Die biographischen Einzelheiten jener Jahre sind schärfer und
brennender, als man in »Unterm Rad« sie dargestellt findet. Hesse
hat, umgekehrt, als es heute üblich ist, die Mitteilung abgeschwächt;
wie er auch im »Presselschen Gartenhaus« nur den schönen Schein,
die Harmonie, die Konkordanz der Klänge und der Seelen, die
Obertöne hat leuchten lassen. Der junge Hesse empfindet in
Maulbronn ganz offenbar, daß dieses Institut eine Fortsetzung der
Basler Knaben- und Missionsschule ist, aus der er so stumm und
gedrückt zur zärtlich geliebten Mutter zurückkam. Er hat, als er nach
Göppingen in die Lateinschule geht, das Vaterhaus nur widerwillig
verlassen. All seine Träume kreisen nur um die Heimat. Ein
Knabengedicht von damals schließt mit dem Reim:
Die Welle rauschte so frisch, so kalt,
Ihr Sang ergriff mich mit Himmelsgewalt.
Wer wollte da in die Fremde gehn,
Wenn's in der Heimat so wunderschön.
Wie sangen die Nixen so wunderbar,
Wie zog mir der Abendwind durchs Haar.
Es glühte der Berg in goldenem Schein.
Ich sollte die Heimat verlassen? Nein!!
Er empfindet wohl, daß ein System vorliegt; daß sein Traum
gebrochen, daß er »getötet« werden soll. Er wird noch nicht wissen,
weshalb, aber er weiß, daß er hier nicht ducken darf.

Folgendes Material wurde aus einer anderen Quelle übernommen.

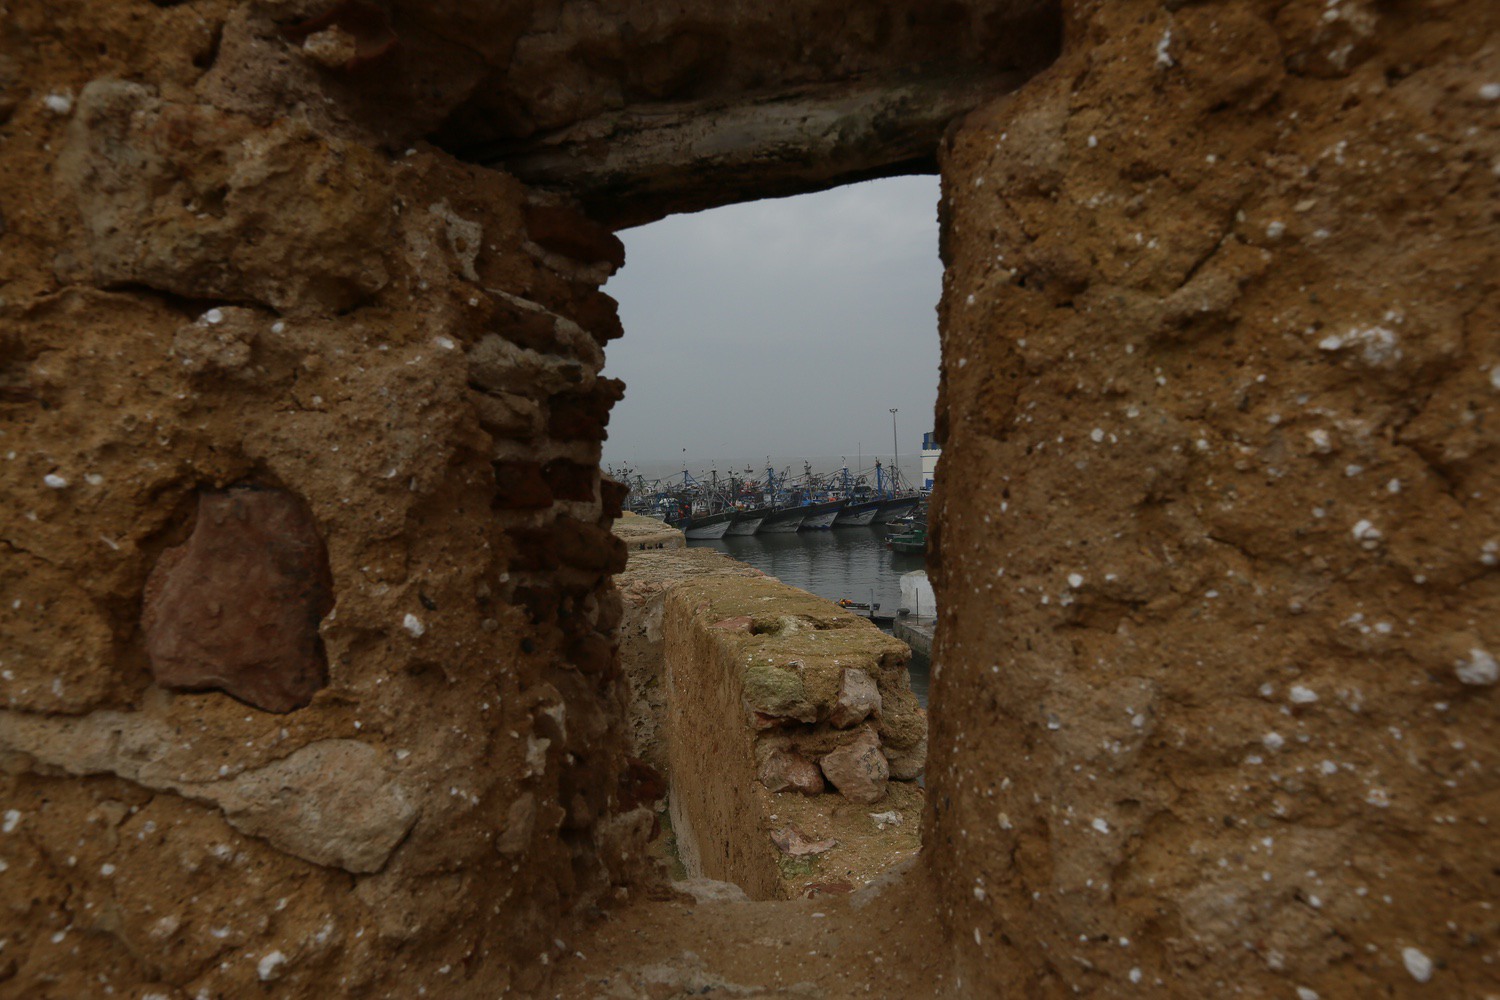 View toward the port through a window in the city walls
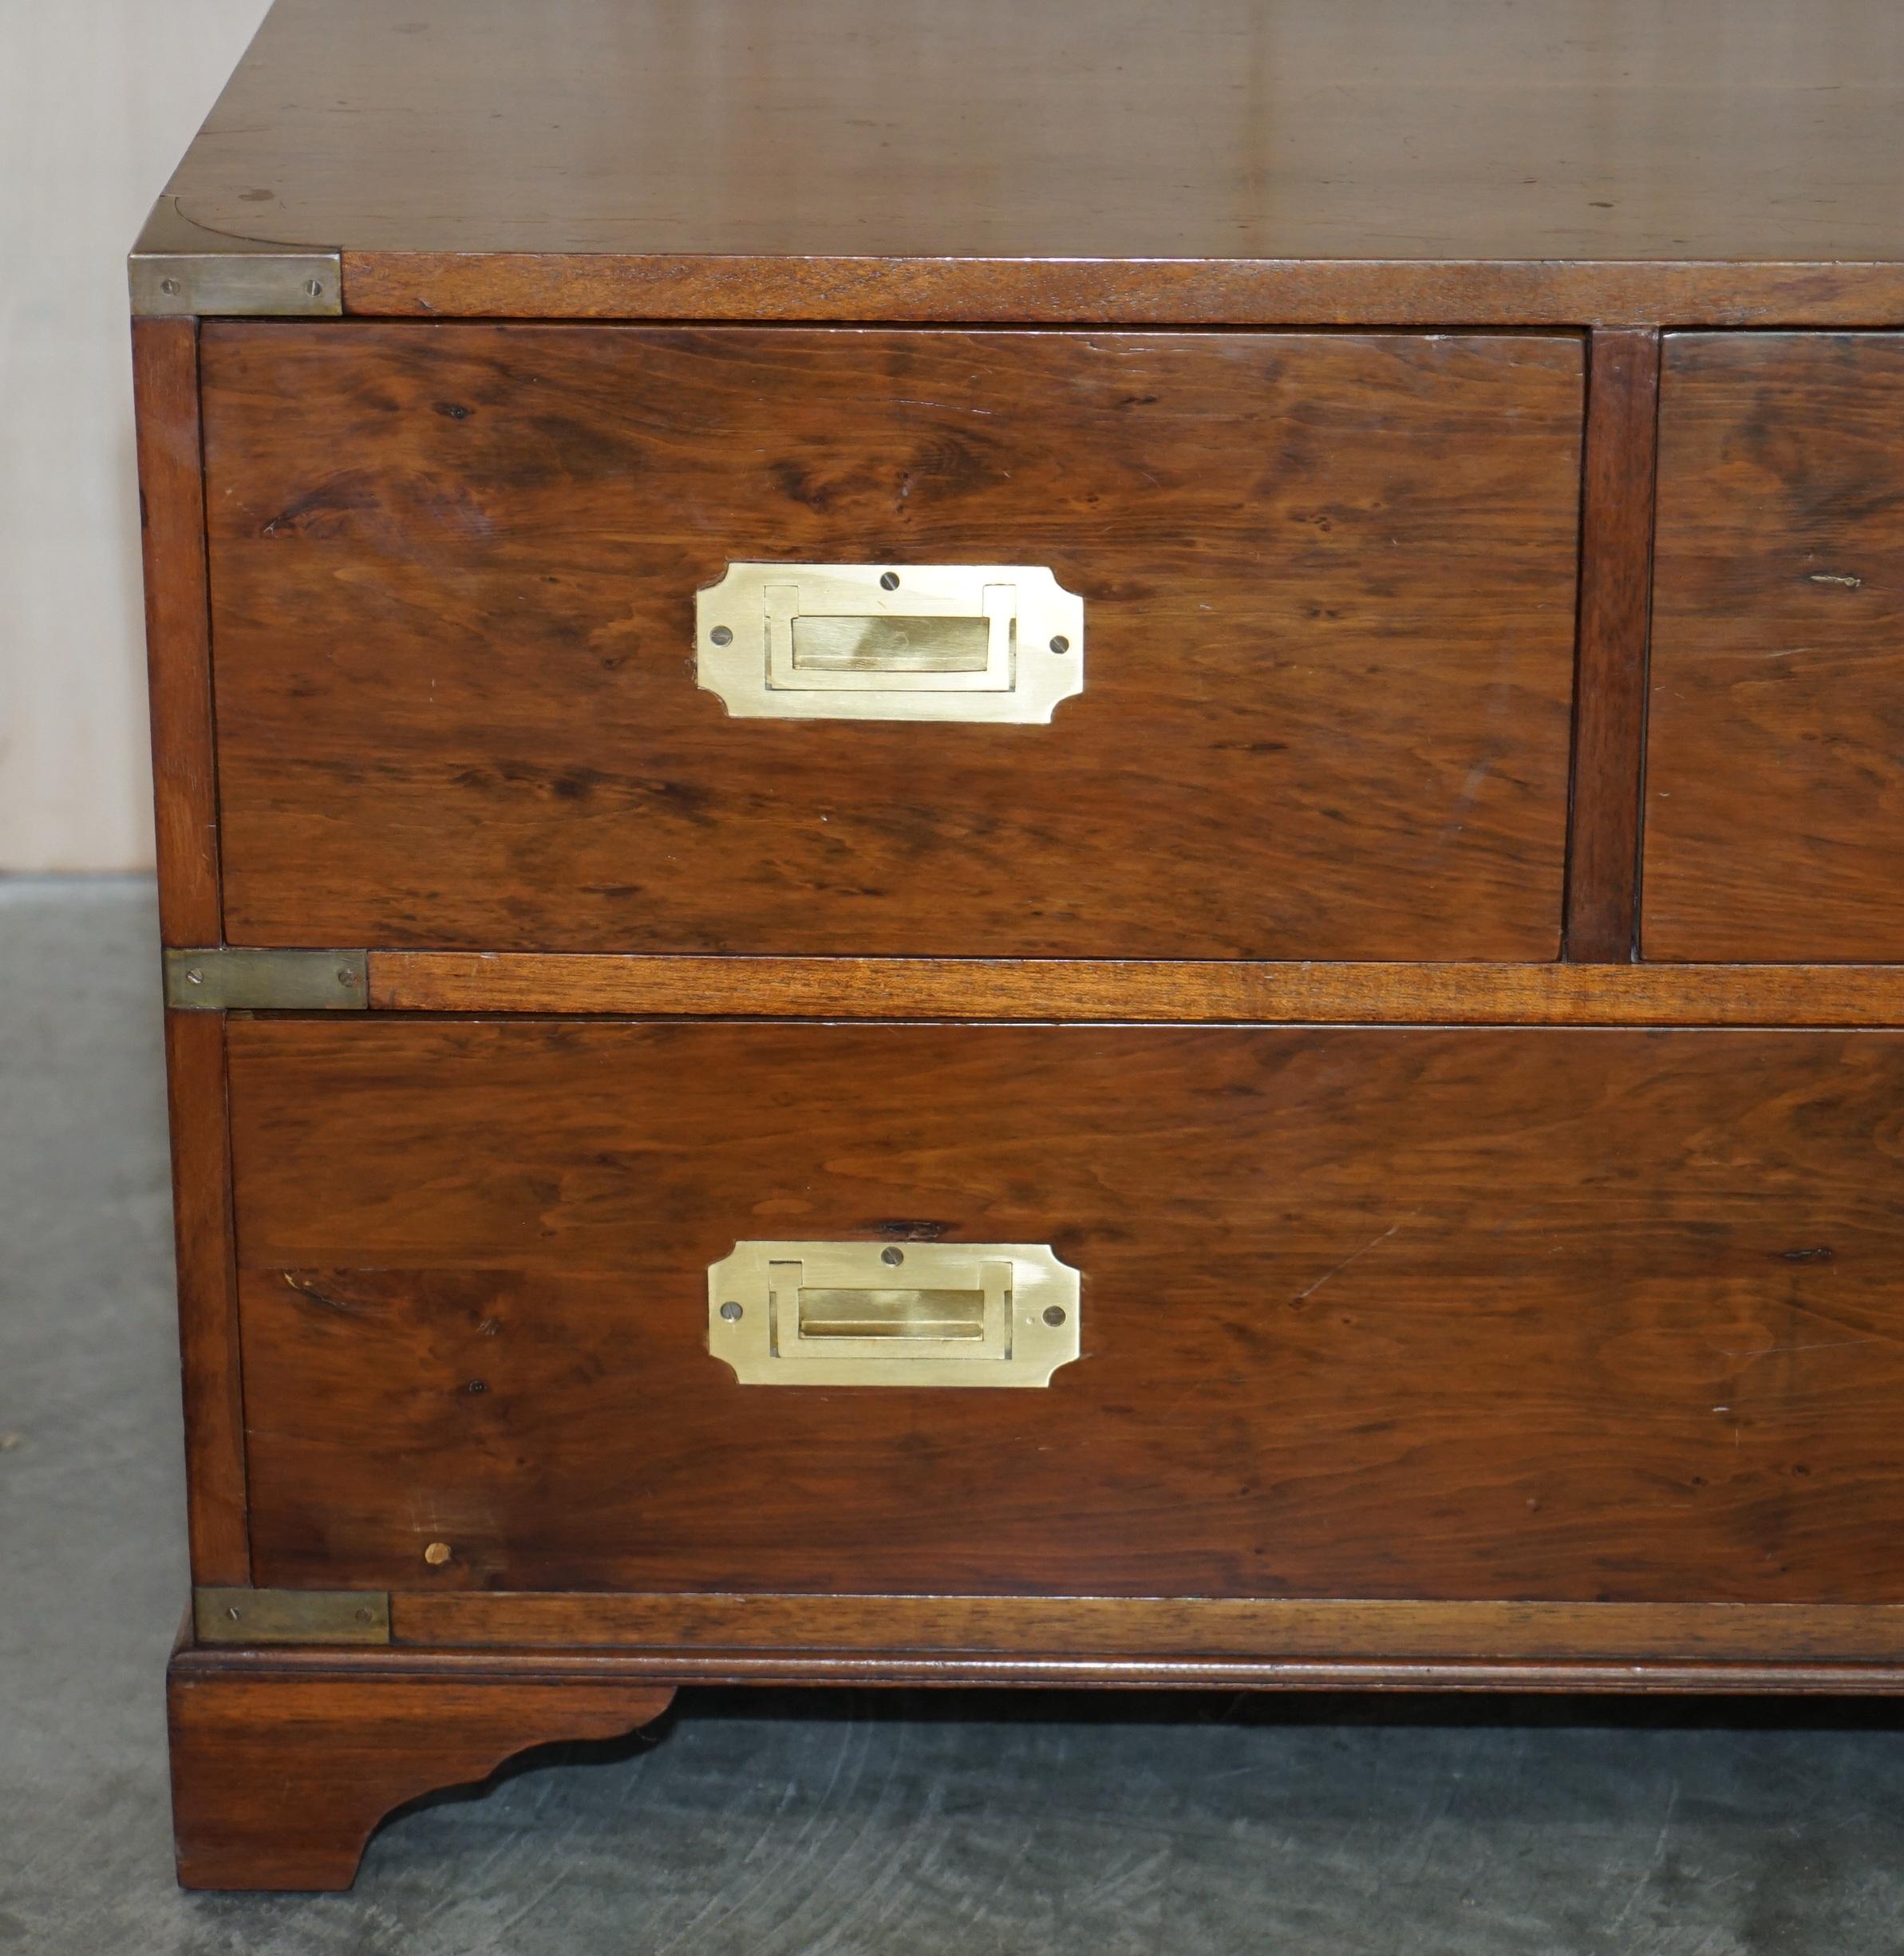 20th Century Burr Yew Wood Military Campaign Three Drawer Chest of Drawers TV Media Stand

Es gibt einen Aufsatz des Dichters, »Eigensinn« betitelt; nicht aus
seinen Knabenjahren, sondern aus der Berner, der Kriegszeit, die
eine Art Wiederholung für Hesse war, indem der einzelne, auch wenn
er den Himmel selbst in sich trug, ähnlich wie damals
»herangezogen« und verstaatlicht werden sollte. Der Aufsatz ist,
unter dem Namen Emil Sinclair, 1919 in »Vivos voco« erschienen.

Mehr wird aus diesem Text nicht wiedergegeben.